## [Dataset extract]
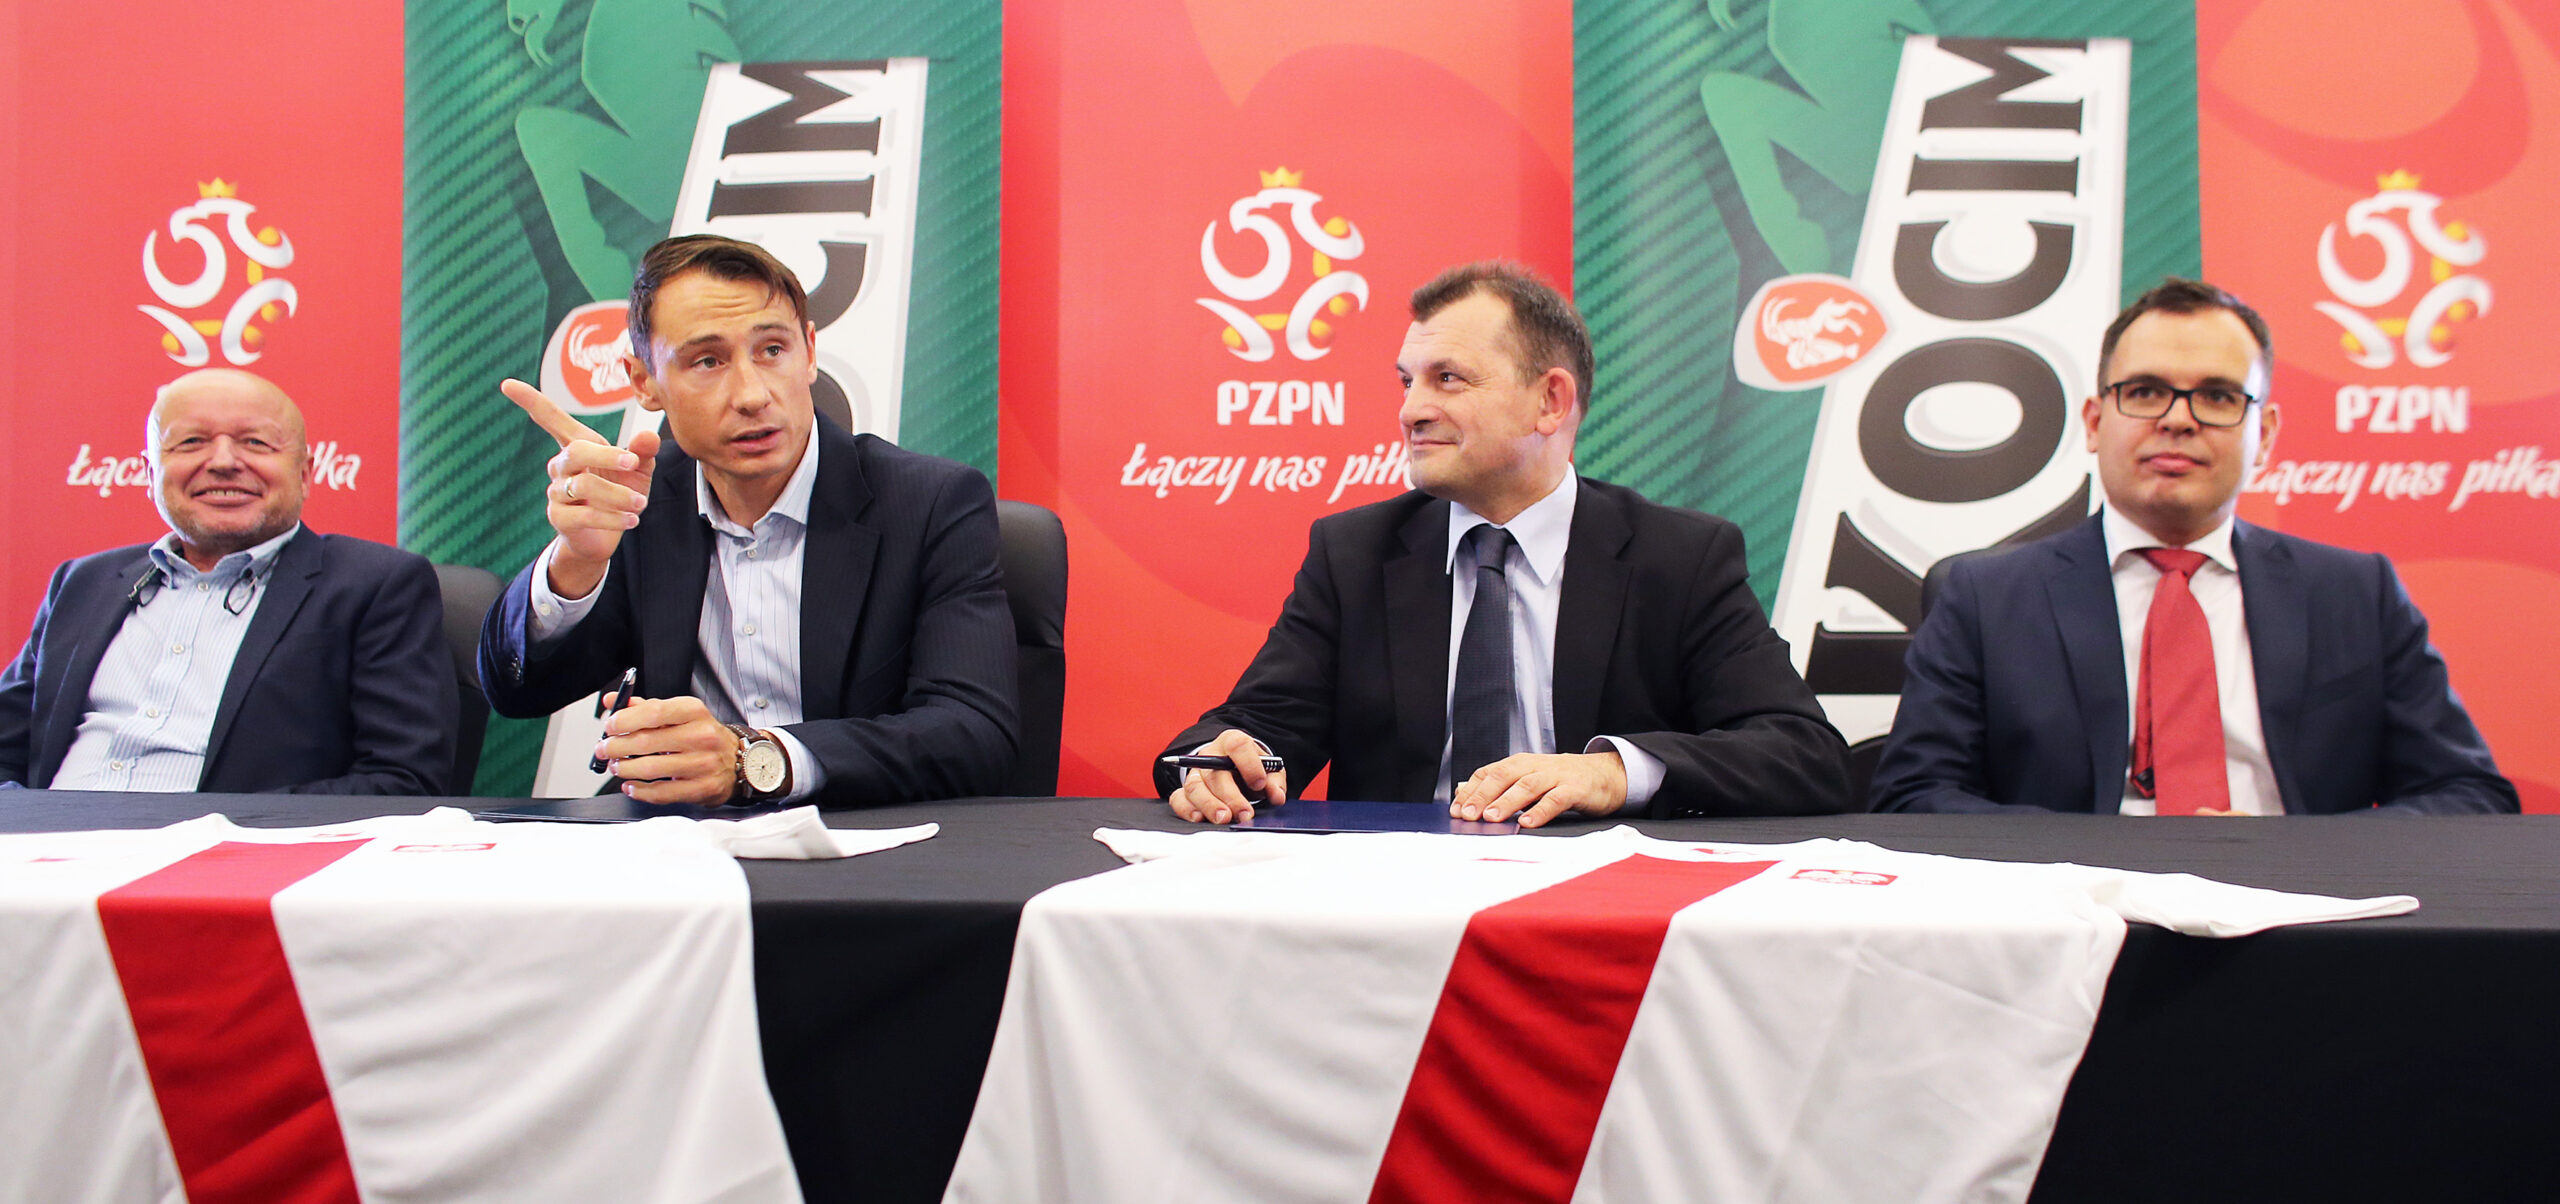 Nowy sponsor Piłkarskiej Reprezentacji Polski piłka nożna Mediarun Com Okocim scaled
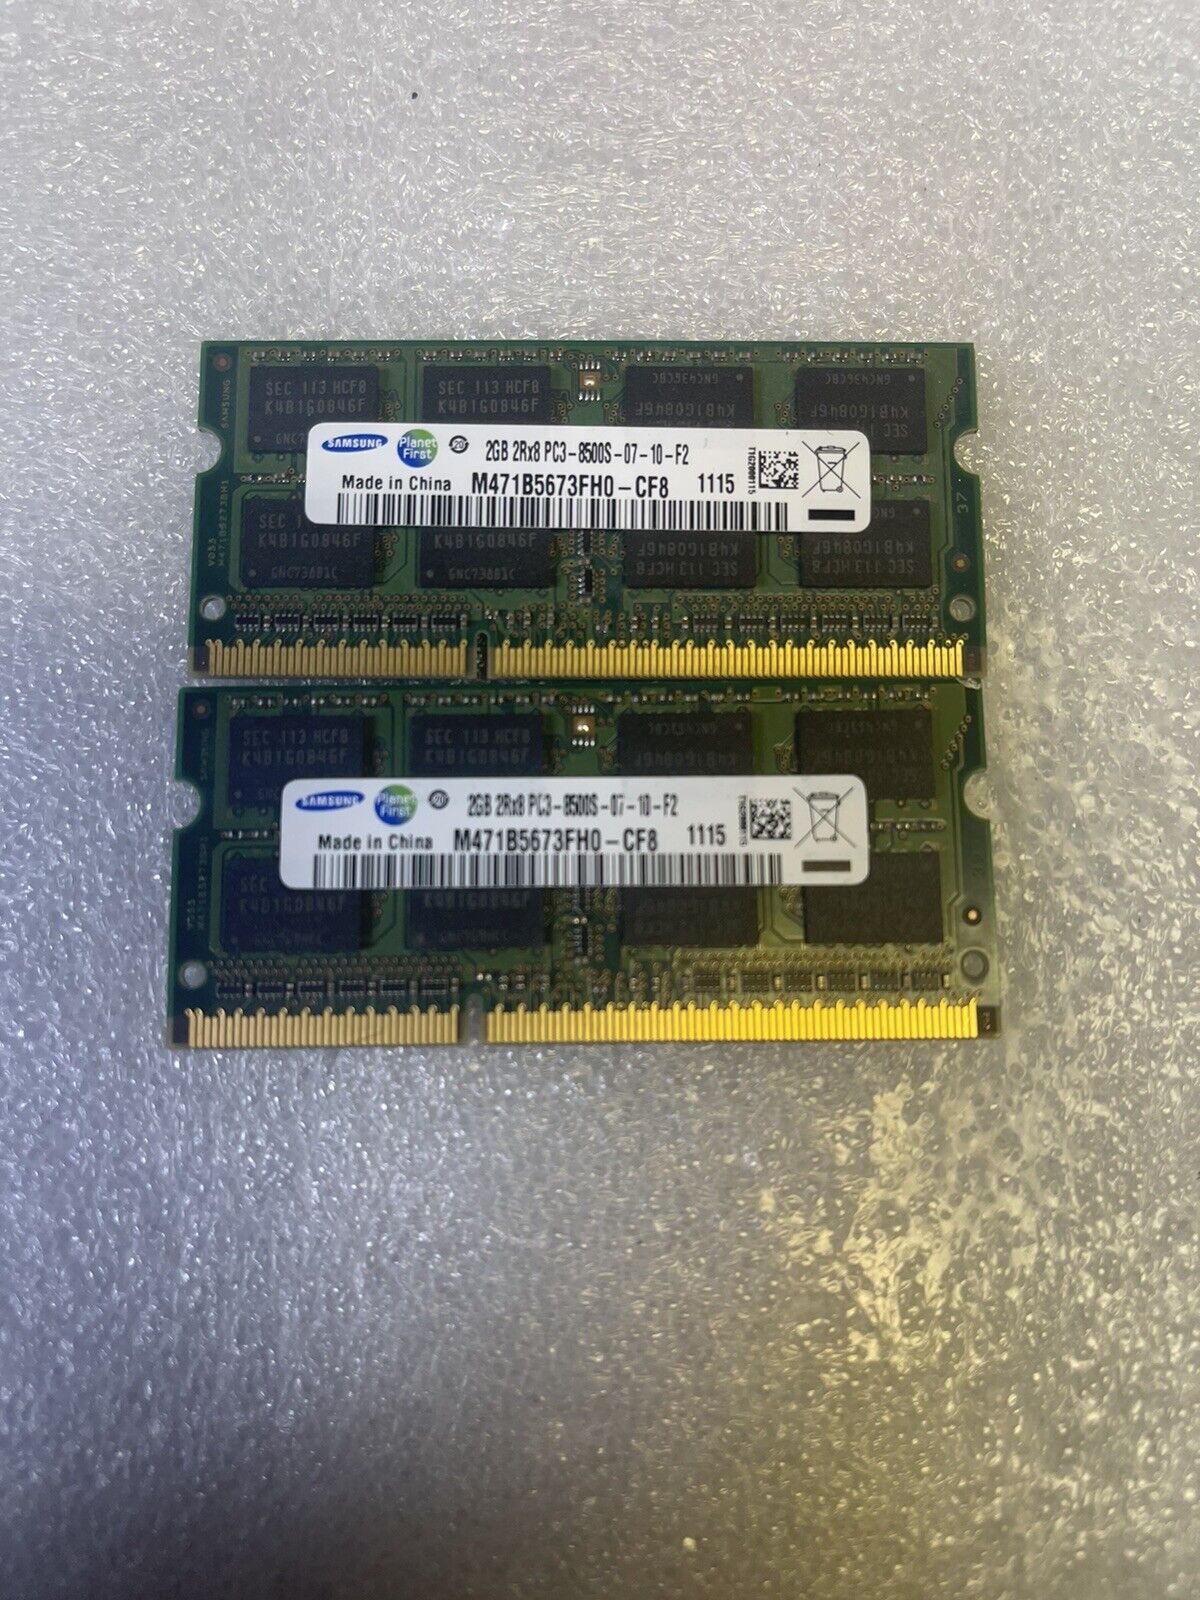 Samsung PC3-8500 4GB 2pcSO-DIMM 1066 MHz PC3-8500 DDR3 Memory (M471B5673FH0-CF8)
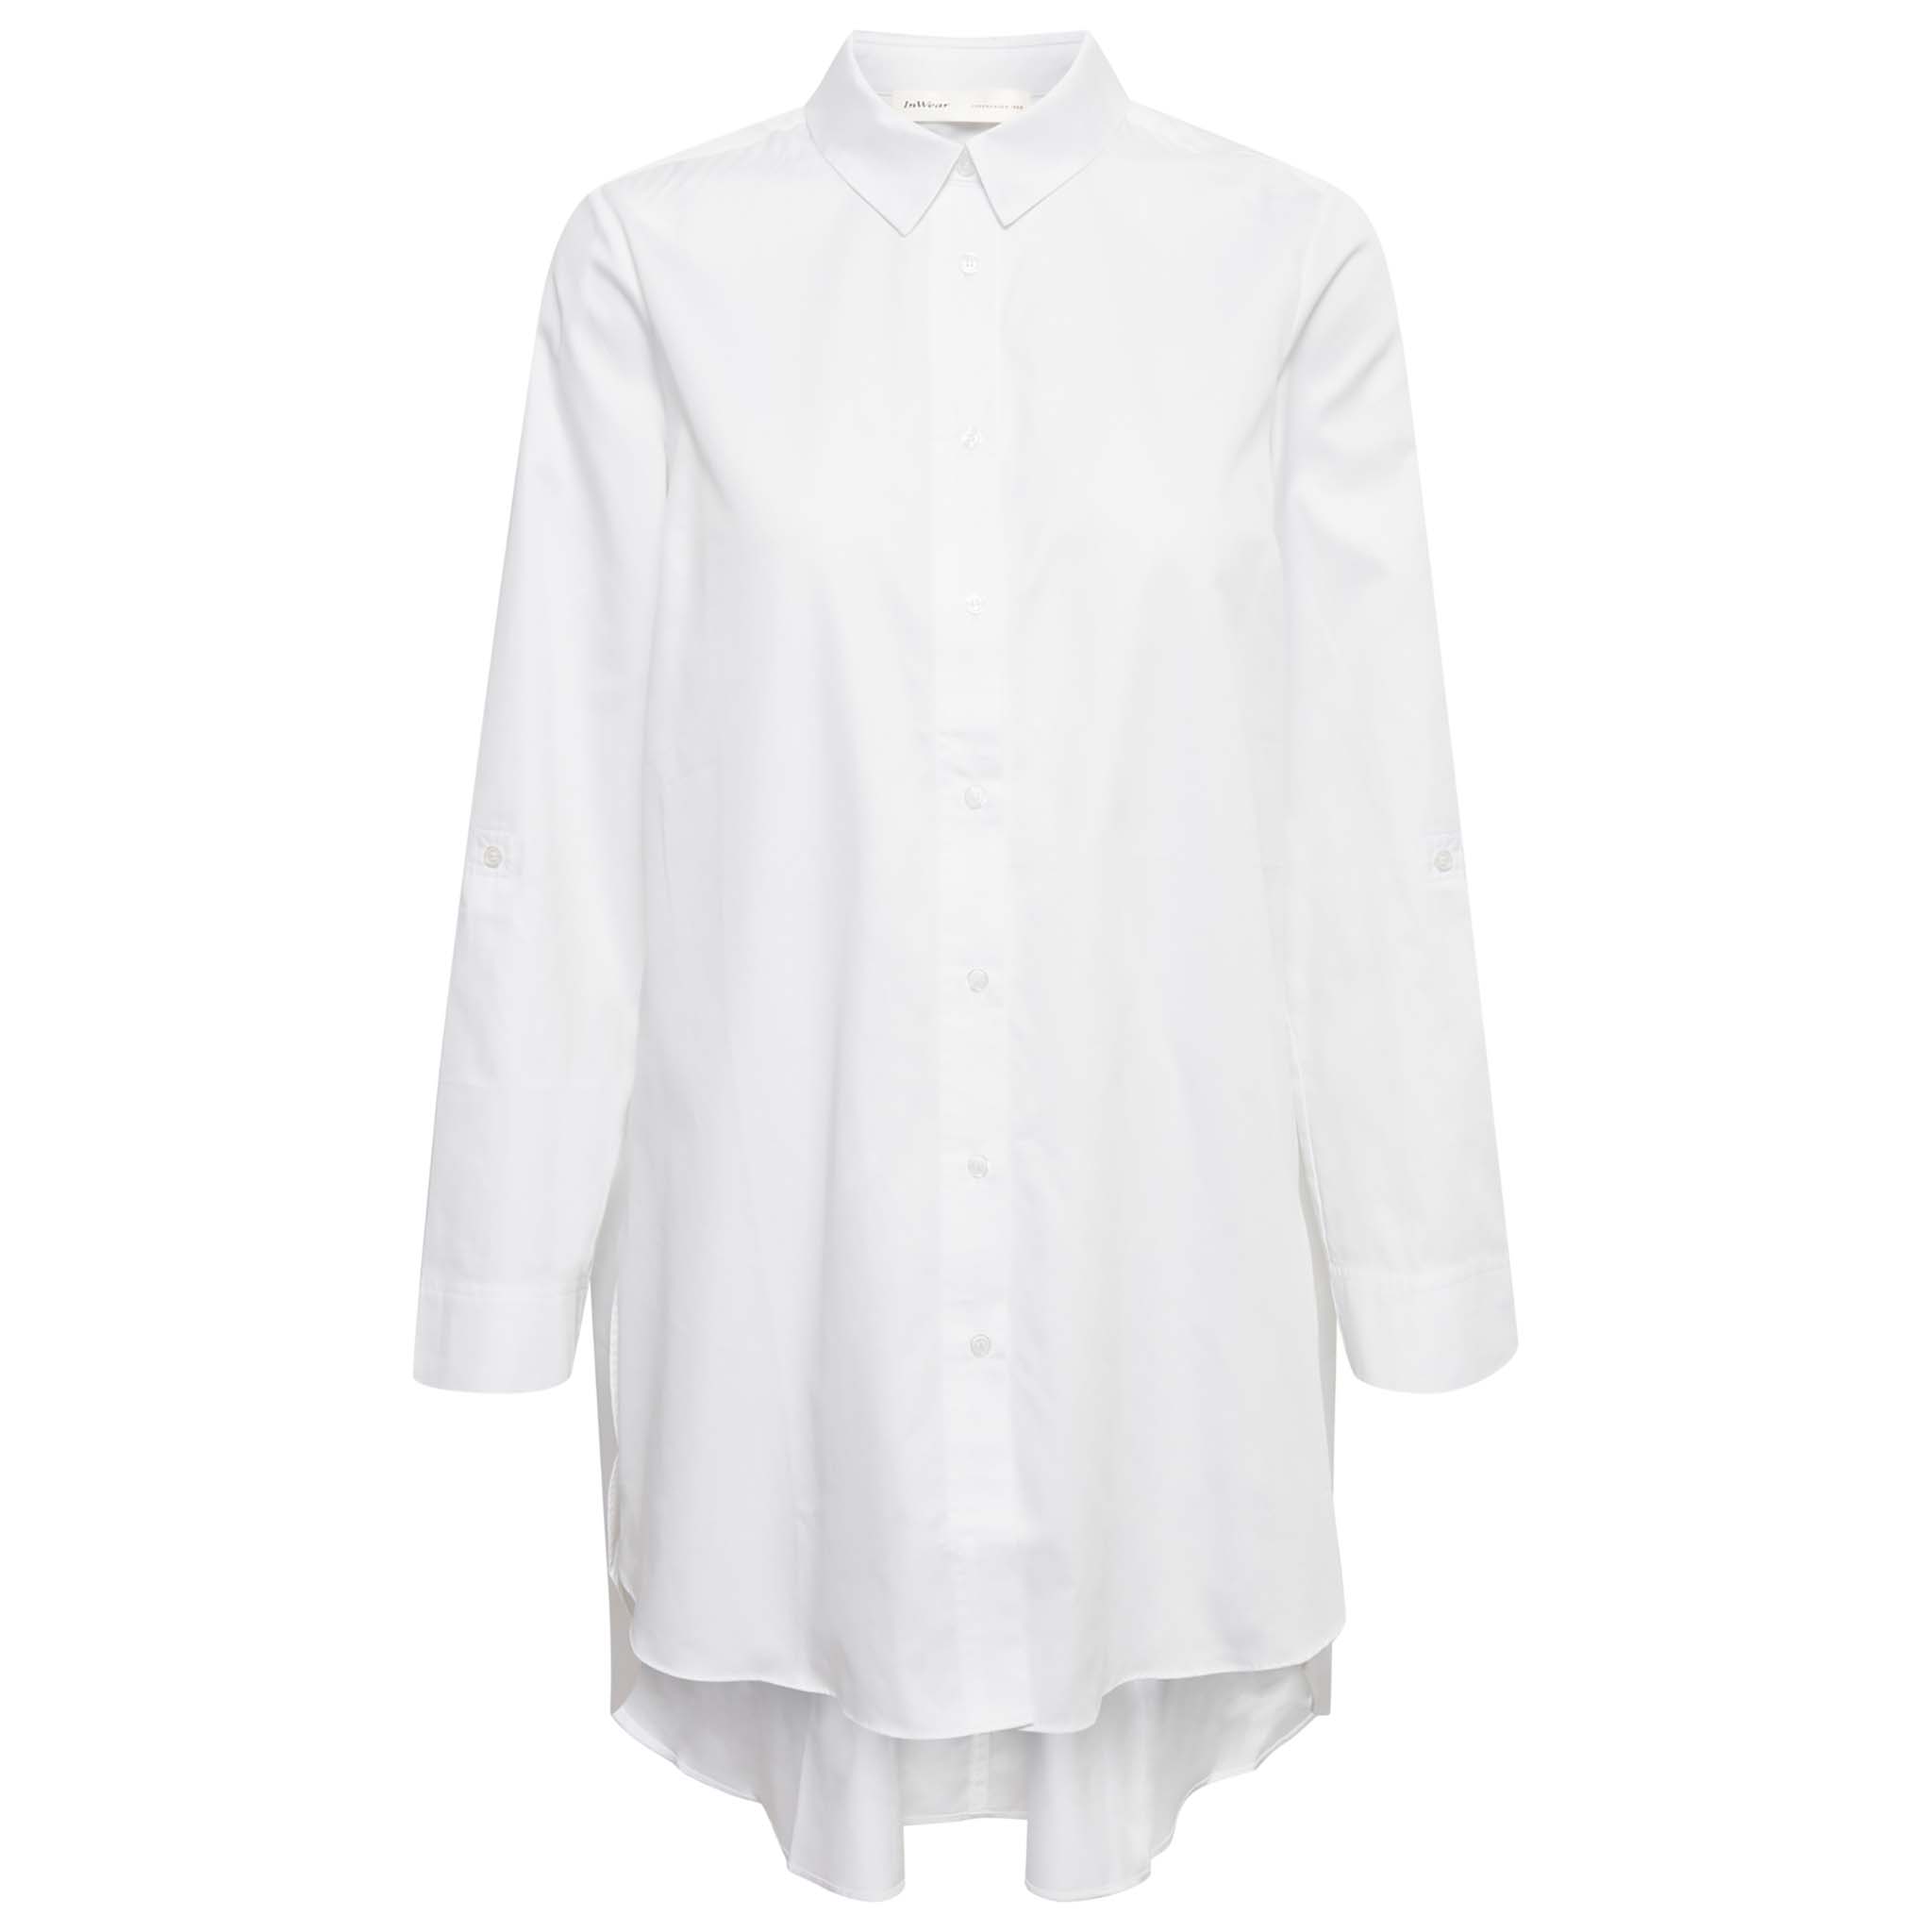 In Wear, valkoinen pitkä paitapusero/tunika. Takaosa on pidempi kuin etuosa. Etukuva.

## [Problem to solve]
An exact repeat of the listing above, pictures excluded, is the answer.

## [Exercise output]
 Nowy sponsor Piłkarskiej Reprezentacji Polski piłka nożna Mediarun Com Okocim scaled
 Samsung PC3-8500 4GB 2pcSO-DIMM 1066 MHz PC3-8500 DDR3 Memory (M471B5673FH0-CF8)
 In Wear, valkoinen pitkä paitapusero/tunika. Takaosa on pidempi kuin etuosa. Etukuva.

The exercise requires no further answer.